=======
CHANGES
=======

4.0.0 (2013-02-21)
------------------

- Made `zpasswd` a proper console script entry point.

- Added ``tox.ini`` and ``MANIFEST.in``.

- Added support for Python 3.3

- Replaced deprecated ``zope.interface.implements`` usage with equivalent
  ``zope.interface.implementer`` decorator.

- Dropped support for Python 2.4 and 2.5.

- Add a new ``IMatchingPasswordManager`` interface with a 'match' method,
  which returns True if a given password hash was encdoded with the scheme
  implemented by the specific manager. All managers in this package implement
  this interface.

- Use {SHA} as the prefix for SHA1-encoded passwords to be compatible with
  RFC 2307, but support matching against {SHA1} for backwards compatibility.

- Add a crypt password manager to fully support all methods named in RFC 2307.
  It is contained in the 'legacy' module however, to flag crypt's status.

- Add a SMD5 (salted MD5) password manager to fully support all encoding
  schemes implemented by OpenLDAP.

- Add a MySQL PASSWORD() (versions before 4.1) password manager, as also found
  in Zope2's AccessControl.AuthEncoding module.

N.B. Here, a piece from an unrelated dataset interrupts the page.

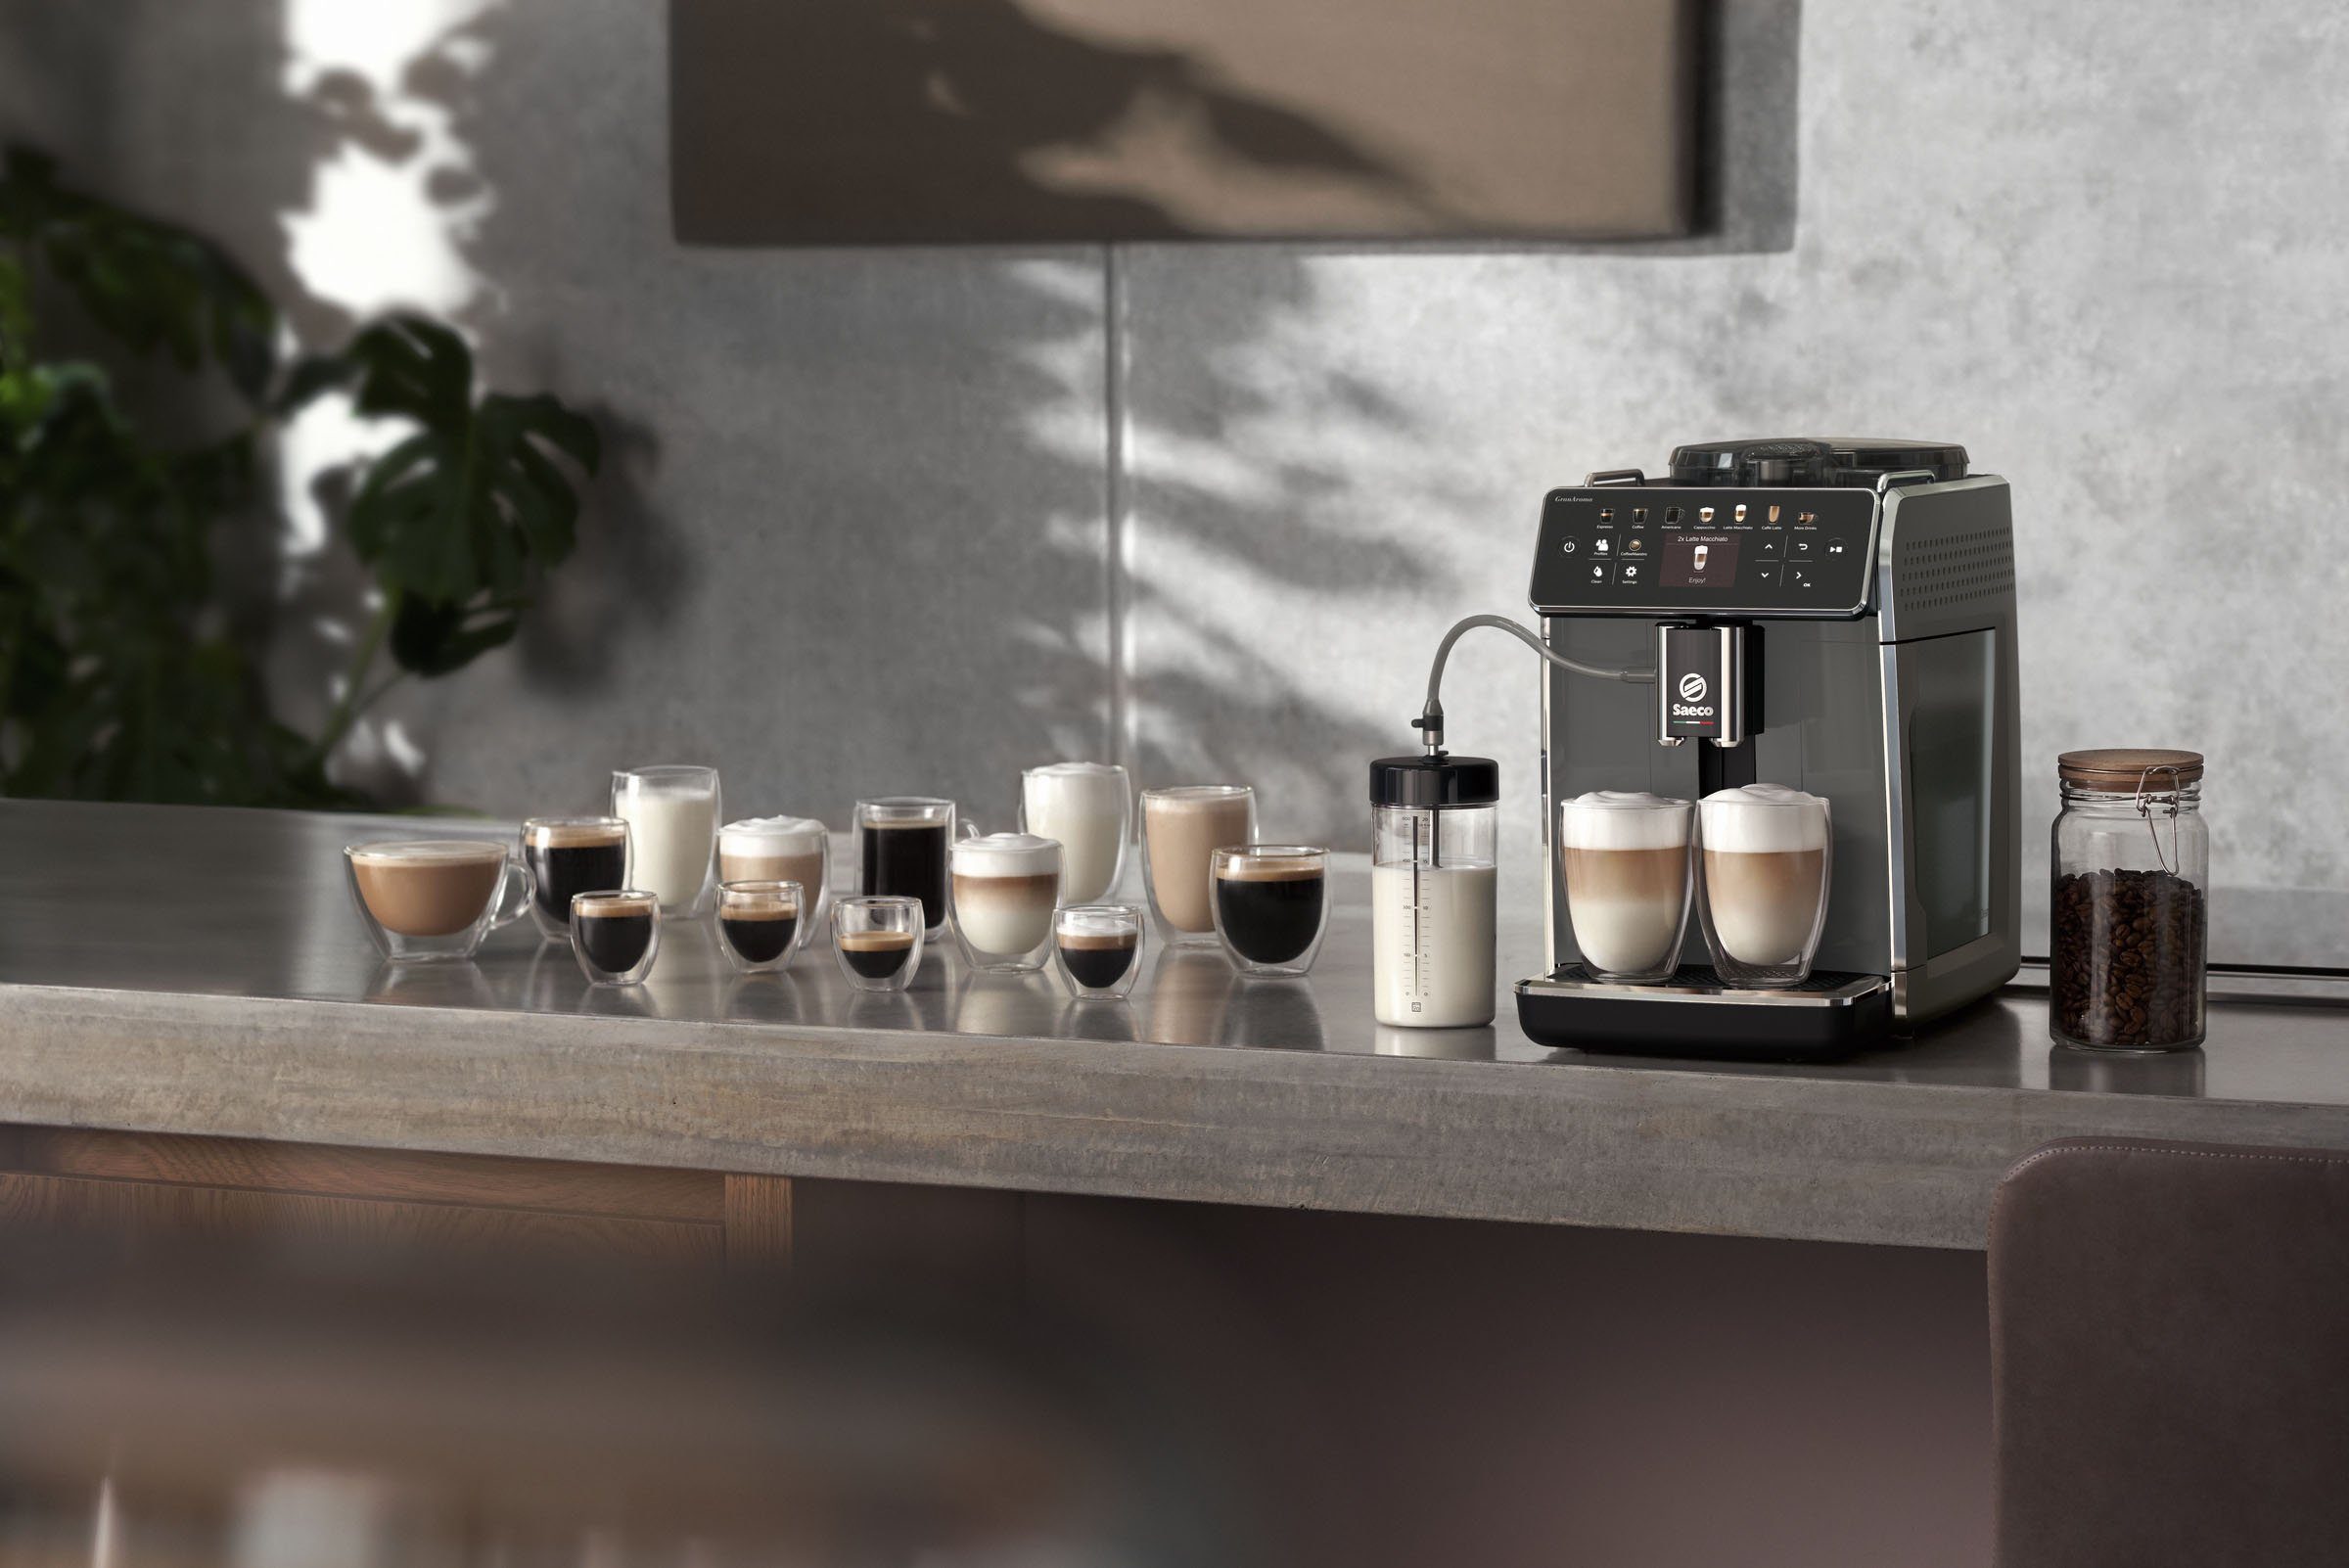 Saeco Kaffeevollautomat GranAroma SM6580/50, 14 4 Display TFT Kaffeespezialitäten, Benutzerprofilen und mit für

- Remove the useless, cosmetic salt from the MD5 and SHA1 password managers,
  and use base64 encoding instead of hexdigests. This makes the output of
  these managers compatible with other MD5 and SHA1 hash implementations such
  as RFC 2307 but doesn't lower it's security in any way. Checking passwords
  against old, still 'salted' password hashes with hexdigests is still
  supported.

- Use the standard_base64encode method instead of url_base64encode to maintain
  compatibility with LDAP.

3.6.1 (2010-05-27)
------------------

- The SSHAPasswordManager.checkPassword() would not handle unicode input
  (even if the string would only contain ascii characters). Now, the
  encoded_password input will be encoded to ascii, which is deemed safe as it
  should not contain non-ascii characters anyway.

3.6.0 (2010-05-07)
------------------

- Removed zope.testing dependency for tests.

- Updated some copyright headers to comply to repository policy.

- Added zpasswd script formerly hold in zope.app.server. Contrary to
  former zpasswd script, which used "Plain Text" as default password
  manager, now SSHA is used as default.

3.5.1 (2009-03-14)
------------------

- Make security protection directives in `configure.zcml` execute only
  if ``zope.security`` is installed. This will allow reuse of the
  `configure.zcml` file in environments without ``zope.security``,
  for example with ``repoze.zcml``.

- Add "Password Manager Names" vocabulary for use with ``zope.schema``
  and ``zope.component``, like it was in ``zope.app.authentication``.
  It's an optional feature so it doesn't add hard dependency. We use
  "vocabulary" extra to list dependencies needed for vocabulary functionality.

3.5.0 (2009-03-06)
------------------

First release. This package was splitted off from ``zope.app.authentication``
to separate password manager functionality that is greatly re-usable without
any bit of ``zope.app.authentication`` and to reduce its dependencies.